Anne-Marie Withenshaw: Wow.
Jonathan Roberge: You know, let’s say while you were watching the series you could click on the picture and then it would bring you to the contests, the pools, the bets, the whole thing. They had made over $2 million on that and it had cost nothing to finance that. The virality will pay off. It’s just that while everyone is recommending a blockbuster, there’s no recipe, as we were saying earlier. There are periodic themes. I spoke a lot about this topic today because I followed that wave by instinct, but also because I was among the people doing the creating. To do a Flashmob, we were the first in Quebec to do it. It hadn’t been done, and then UQAM did some. Everyone does them. It went viral. But you feel it. You feel these things. Another example, GoPro videos, you’ll remember, not even a year ago, you’d see someone on a motorcycle going down and flying off a mountain, hanging onto an eagle pretty much, all filmed with the GoPro. Everyone would freak. Now, it’s another GoPro video or another drone image. A certain amount of time goes by and you just have to… and now, I can feel that ads are going to jump on [the trend] soon. I can feel the advertising world… in part like Brad when he joined us for the RAMQ, they saw the benefits right away. We had 10,000 subscriptions in a day. They were freaking out.

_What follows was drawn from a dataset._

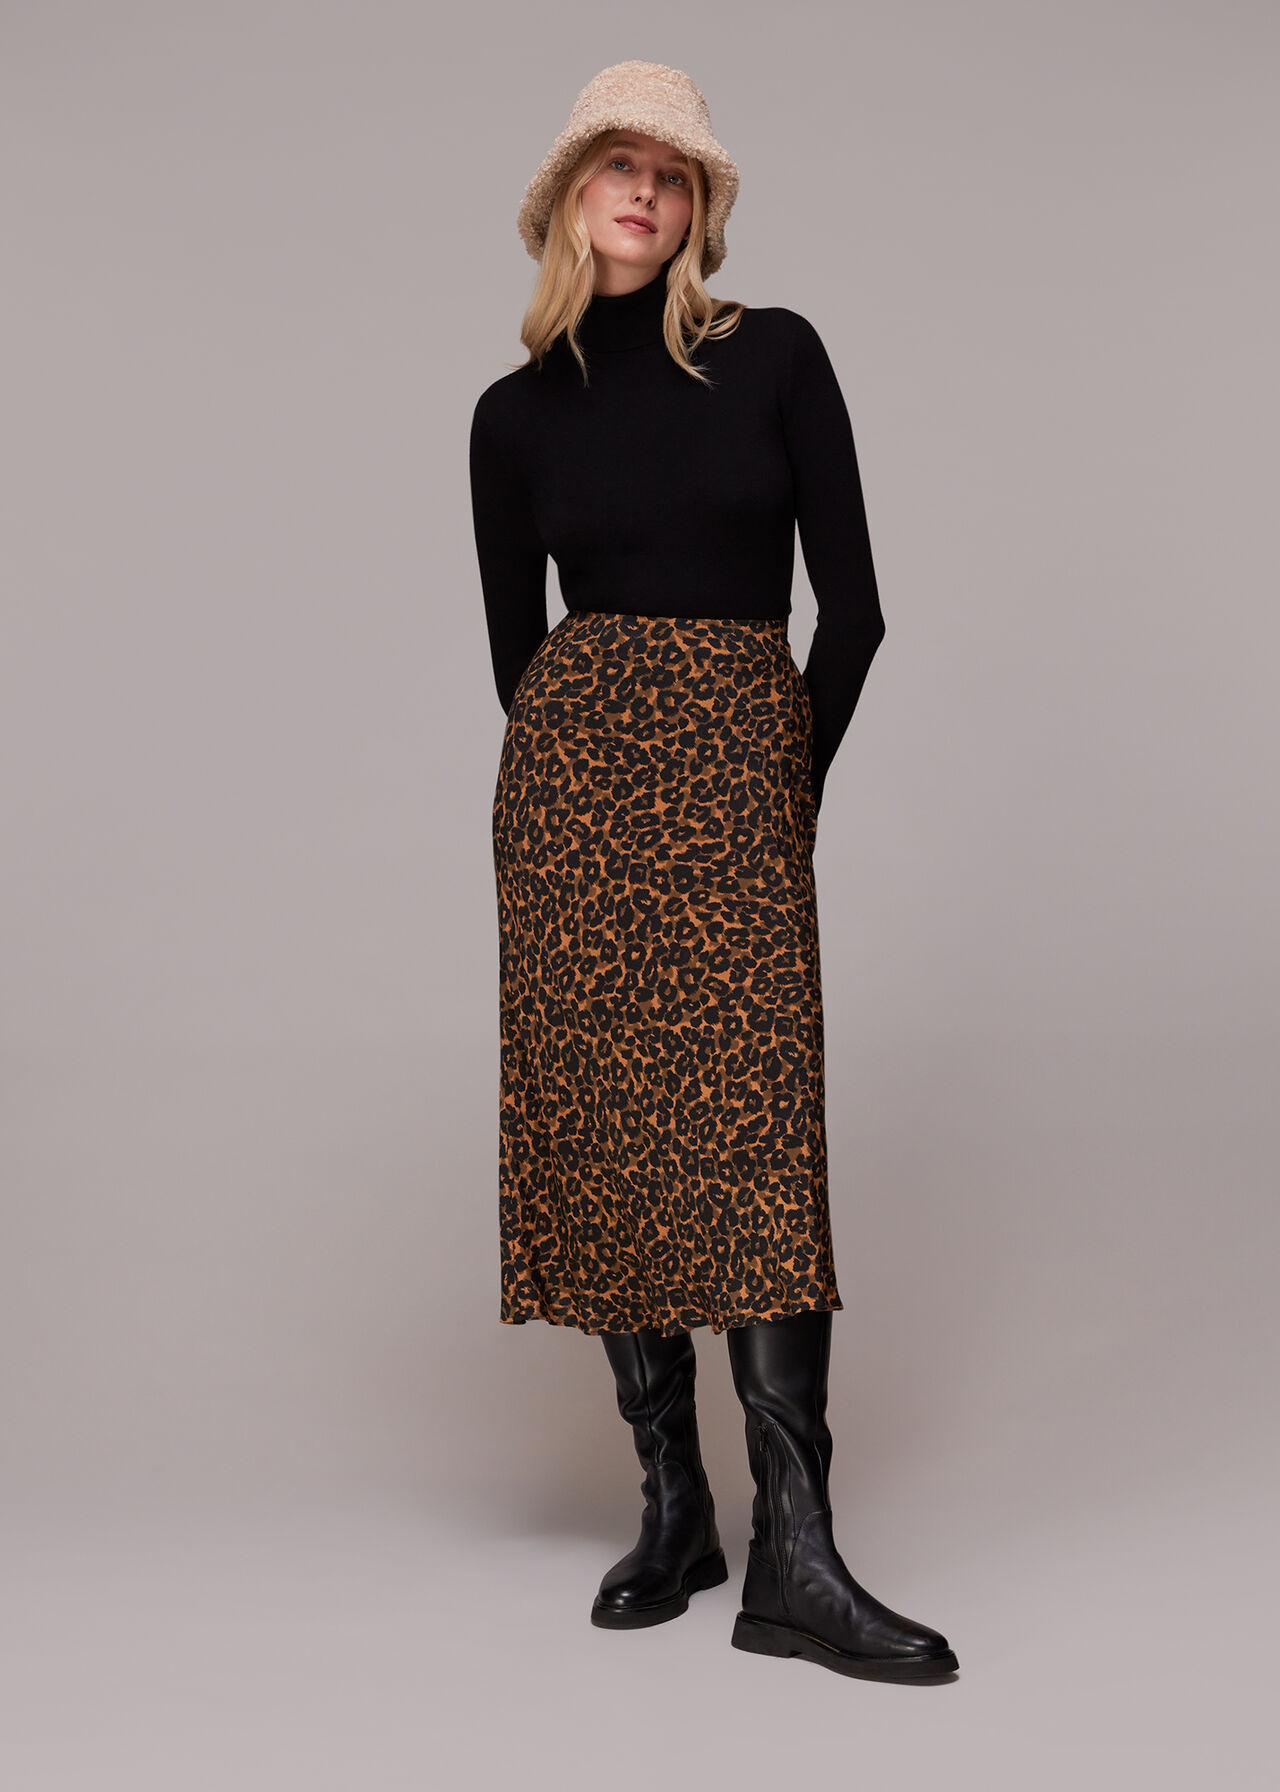 Classic Leopard Bias Cut Skirt

Anne-Marie Withenshaw: Excellent. Anything to add?
Jonathan Roberge: She was looking at my butt again.
Anne-Marie Withenshaw: Christiane, and Jonathan, thank you so much.
Jonathan Roberge: My pleasure.
Anne-Marie Withenshaw: Excellent. I feel a little association coming. A future romance, you never know.

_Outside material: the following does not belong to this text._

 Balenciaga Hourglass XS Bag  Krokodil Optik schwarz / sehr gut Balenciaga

Christiane Asselin: It’s not because we didn’t try.
Anne-Marie Withenshaw: Thank you very much to everyone. It’s the end of the last day! It’s the end of the last day! So we’ll see each other in close to two hours for the social and it’s happening at the Burroughes, which isn’t too far from here, and if not, we’ll see each other tomorrow. Thanks so much to everyone.
Jonathan Roberge: Thank you for your attention. It was fun.